Make as much functionality as is possible with the resources, as
opposed to making a fixed required functionality whatever the cost.
-
a)Since we planned to train 4 programmers, training 8 is not going
to take much extra effort. But communication between 8 programmers
will be substantially more than between 4. It is not clear if the
work can be divided over 8 programmers.
b)Intuitively it should. But if we compare the communication
according to the C = 0.5*n*(n-1) estimate, we see:
1 project, n=4 C=6 versus n=8 C=28, factor 5.
2 subprojects, n=2x2, C=2x1 versus n=2x4, C=2x6, factor 6.
So the factor of increased communication hardly differs, but the
absolute amount of communication increases less with 2 subprojects.

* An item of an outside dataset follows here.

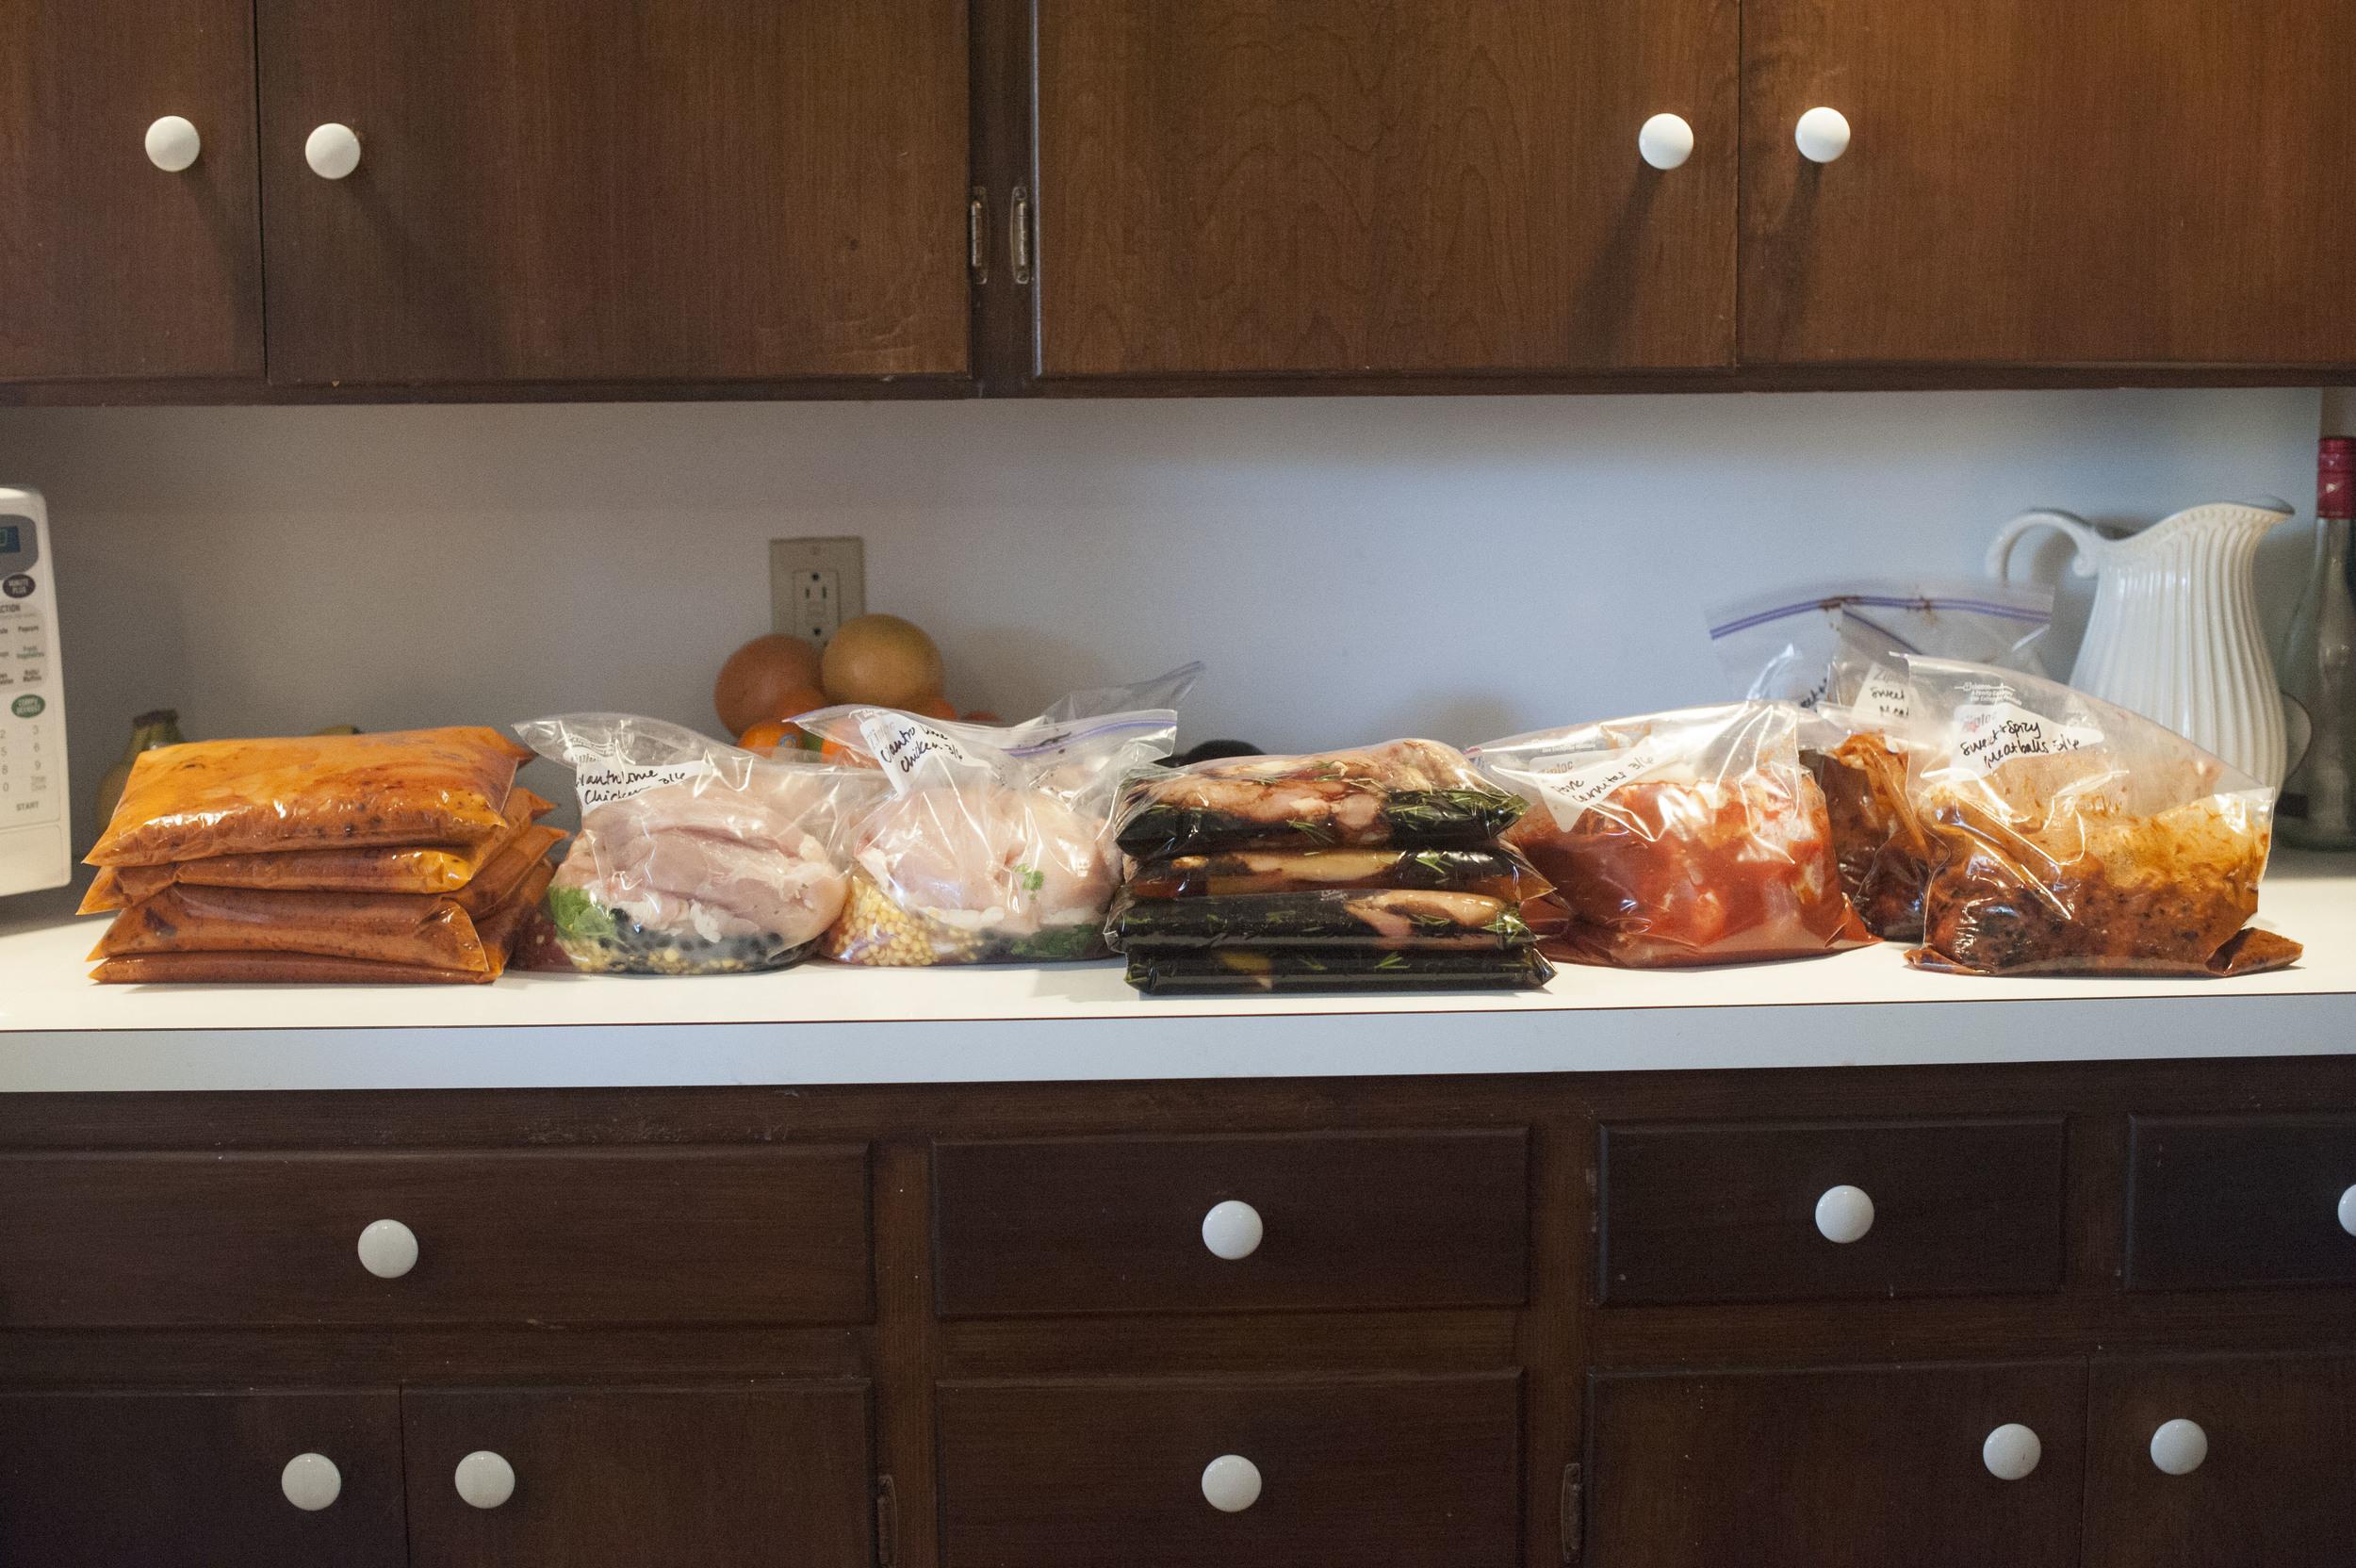 Finished freezer meals!

- a) The following points you must do, or assume that you have
done them already:
- write down the process that your team follows
- collect data to prove that you actually follow this process
- now you can apply for certification
- set aside time and money for assessments
For the other departments, you should
- Study their process (the one that they actually follow, and
also the one on paper, if they have).
- Discuss possible improvements (based on your process)
- Motivate the department to go for quality, and to carry out
the steps above.
b)To see certification as the goal, and quality as the medium,
rather than the other way around.
To impose your process on other departments.
To impose a quality programme without support from "below".